Haryana Chief Minister Nayab Singh Saini and Reserve Bank of India Governor Sanjay Malhotra on Monday gave assurances that the funds were safe, after allegations of fraud. $A Rs 590-crore fraud involving state government accounts at IDFC First Bank has been unearthed.

CM Saini told the Vidhan Sabha in Chandigarh that the money involved in the IDFC First Bank case “will definitely come back”. He also informed the House that the matter has been handed over to the Anti-Corruption Bureau (ACB) and Vigilance Department, news agency PTI reported.
He further noted that IDFC First Bank had approached the Securities and Exchange Board of India (SEBI) alleging that an employee was responsible for the irregularities.
In New Delhi, Reserve Bank of India Governor Sanjay Malhotra said the central bank was “monitoring developments” surrounding the issue, but assured the public that “there is no systemic problem.” He thus explained that the fraudulent activity was limited to a specific group of accounts and did not indicate a broader failure within the national banking system.
The RBI’s statement came in the wake of the revelation made by IDFC First Bank on Sunday regarding irregularities found at its Chandigarh branch.
bout of $Question: 590 Crores
The suspected fraud was first discovered when a government department in Haryana asked to close its account at the Chandigarh branch of IDFC First Bank and transfer the balance to another institution, reports said.
As reported by Hindustan Times, the bank noticed a huge difference between the balance reported by the management and the actual funds held in the account.
Initial assessments conducted by the Bank identified a shortfall of $490 Crores. Additional internal reviews conducted by the lender identified an additional matter $100 crore in irregularities, taking the total estimated discrepancy to $590 Crores.”>Approx $590 Crores.
HT reported that a regulatory filing filed by the bank with the National Stock Exchange (NSE) and Bombay Stock Exchange (BSE) specified that these violations were limited to a select group of government-linked accounts and did not affect other branch customers.
How was the “fraud” carried out?
The mechanics of the alleged fraud were detailed by IDFC First Bank Managing Director and CEO V Vaidyanathan during a conference call with investors, PTI reported. Vaidyanathan described the incident as a case of “employee fraud” involving the collusion of bank employees and third parties. He said the fraudulent activity used physical transactions involving checks.
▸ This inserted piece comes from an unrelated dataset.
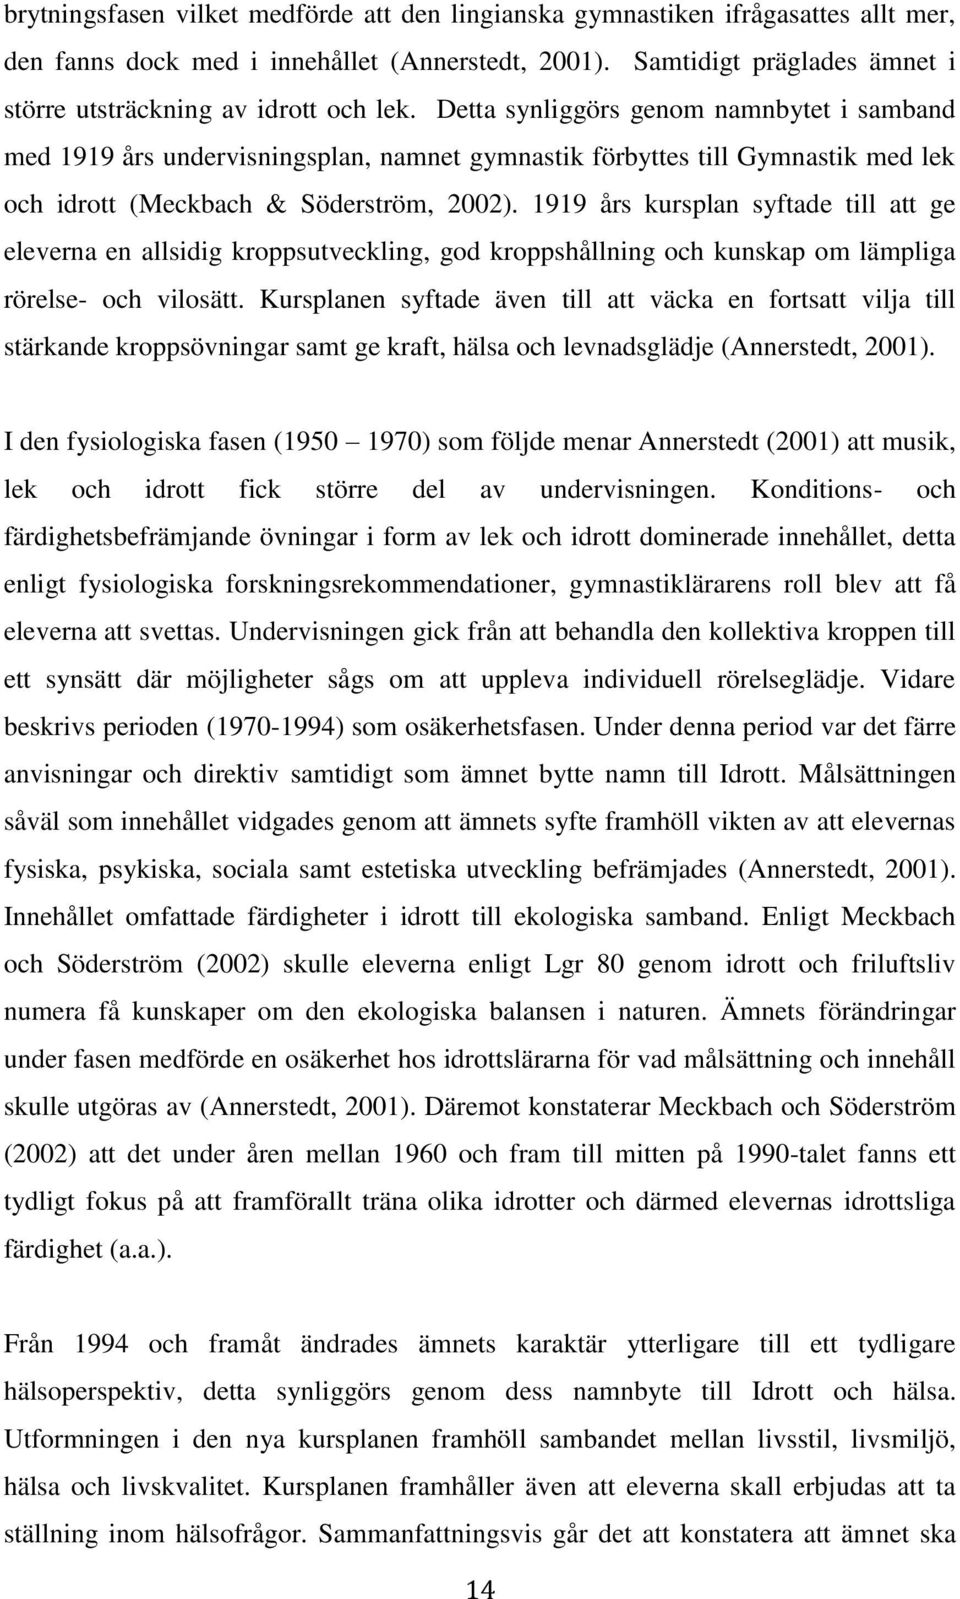 Detta synliggörs genom namnbytet i samband med 1919 års undervisningsplan, namnet gymnastik förbyttes till Gymnastik med lek och idrott (Meckbach & Söderström, 2002).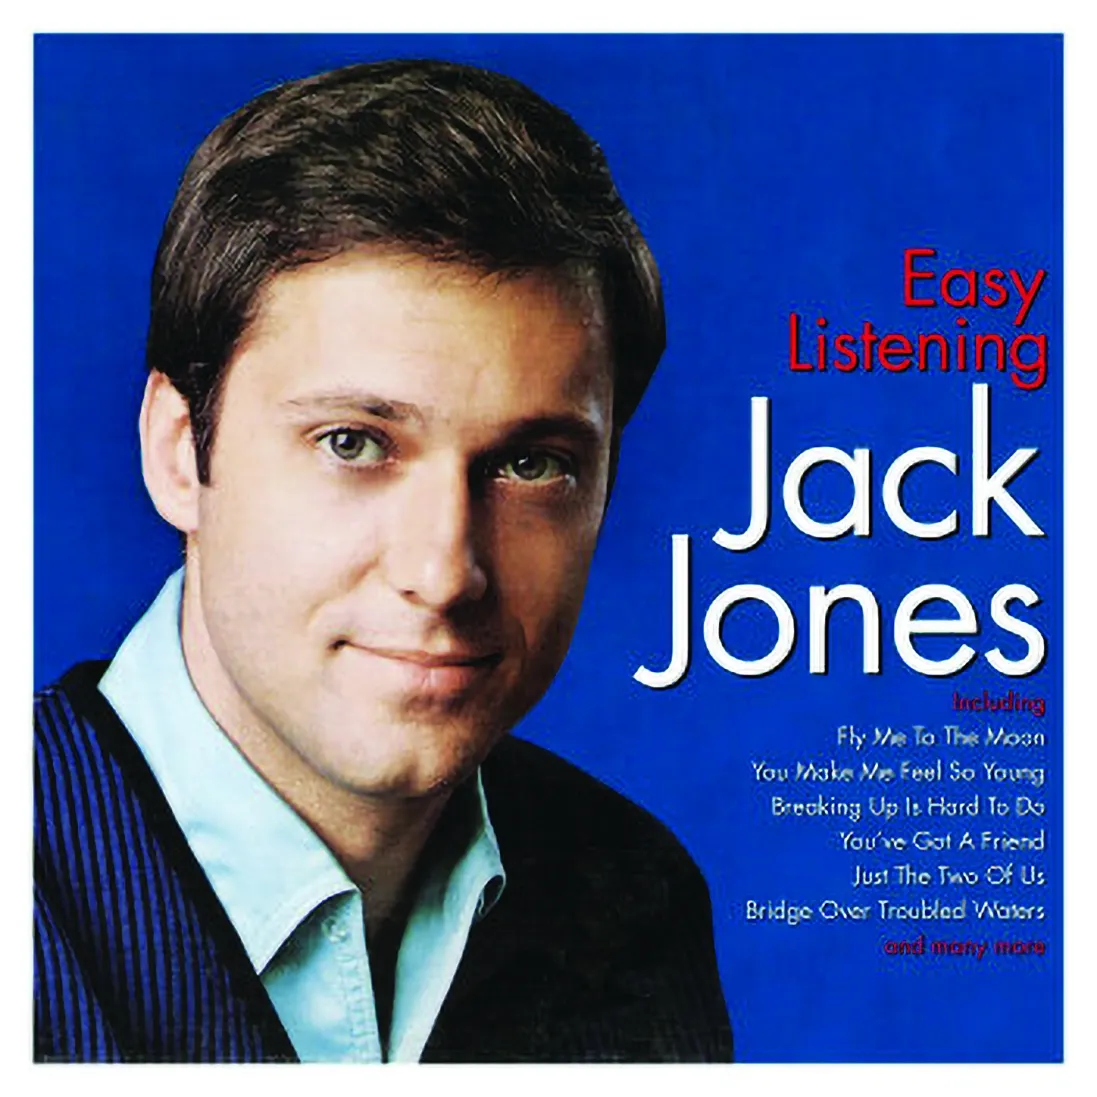 LGC2006-Jack-Jones-Easy-Listening-1-1.webp

the The CEO noted that the bank’s “fingerprints” and internal data clearly indicate the involvement of external entities. He added that the bank’s management has not yet found any evidence of the involvement of its senior leadership.
Action and reaction so far
After the irregularities were exposed, the Haryana government reportedly took immediate administrative action. On February 18, the state Ministry of Finance issued instructions to dismantle IDFC First Bank and African Union Microfinance Bank with immediate effect. These instructions were issued by the Additional Secretary General concerned, directing all state departments, boards of directors and public sector institutions to stop all dealings with the two banks.
While the initial instructions from the finance department did not give a reason for the move, Saini maintained in the assembly that the dismantling of the forces was a direct response to the discovered scam.
IDFC First Bank has suspended four officials suspected of being involved in fraudulent transactions. The bank also filed a formal police complaint and notified the Banking Supervision Authority. To ensure an objective investigation, the Bank appoints an independent external agency to conduct a forensic audit.
The bank’s regulatory filing indicated that the discrepancies had been reported to its statutory auditors. She explained that the internal oversight committees, including the special committee of the Board of Directors to monitor and follow up on fraud cases, met on February 20, followed by meetings of the Audit Committee and the Board of Directors on February 21.
The revelation of the alleged fraud had an immediate impact on the stock market, such as IDFC First Bank shares It fell by about 20% on Monday, hitting the circuit’s lower limit of $100,000 $66.85 in mad cow disease. The African Union Microfinance Bank, which was also named in the de-institutionalization order issued by the state government, saw its shares fall 7.6% to an intraday low of $950.50.
Political demands for accountability
The issue became a point of discussion in the Haryana Assembly on Monday, with Opposition and Congress leader Bhupinder Hooda raising concerns over the security of state funds. Hooda noted that while the bank discovered the violations, the government must submit a full report on the measures taken to protect the public exchequer.
Responding to the opposition, Saini reiterated that the state government’s investigations were being conducted transparently. He confirmed that the State Crime Branch is investigating the matter along with the ACB. Saini assured the members that the government would not take this issue lightly and that any employee found involved would face strict consequences.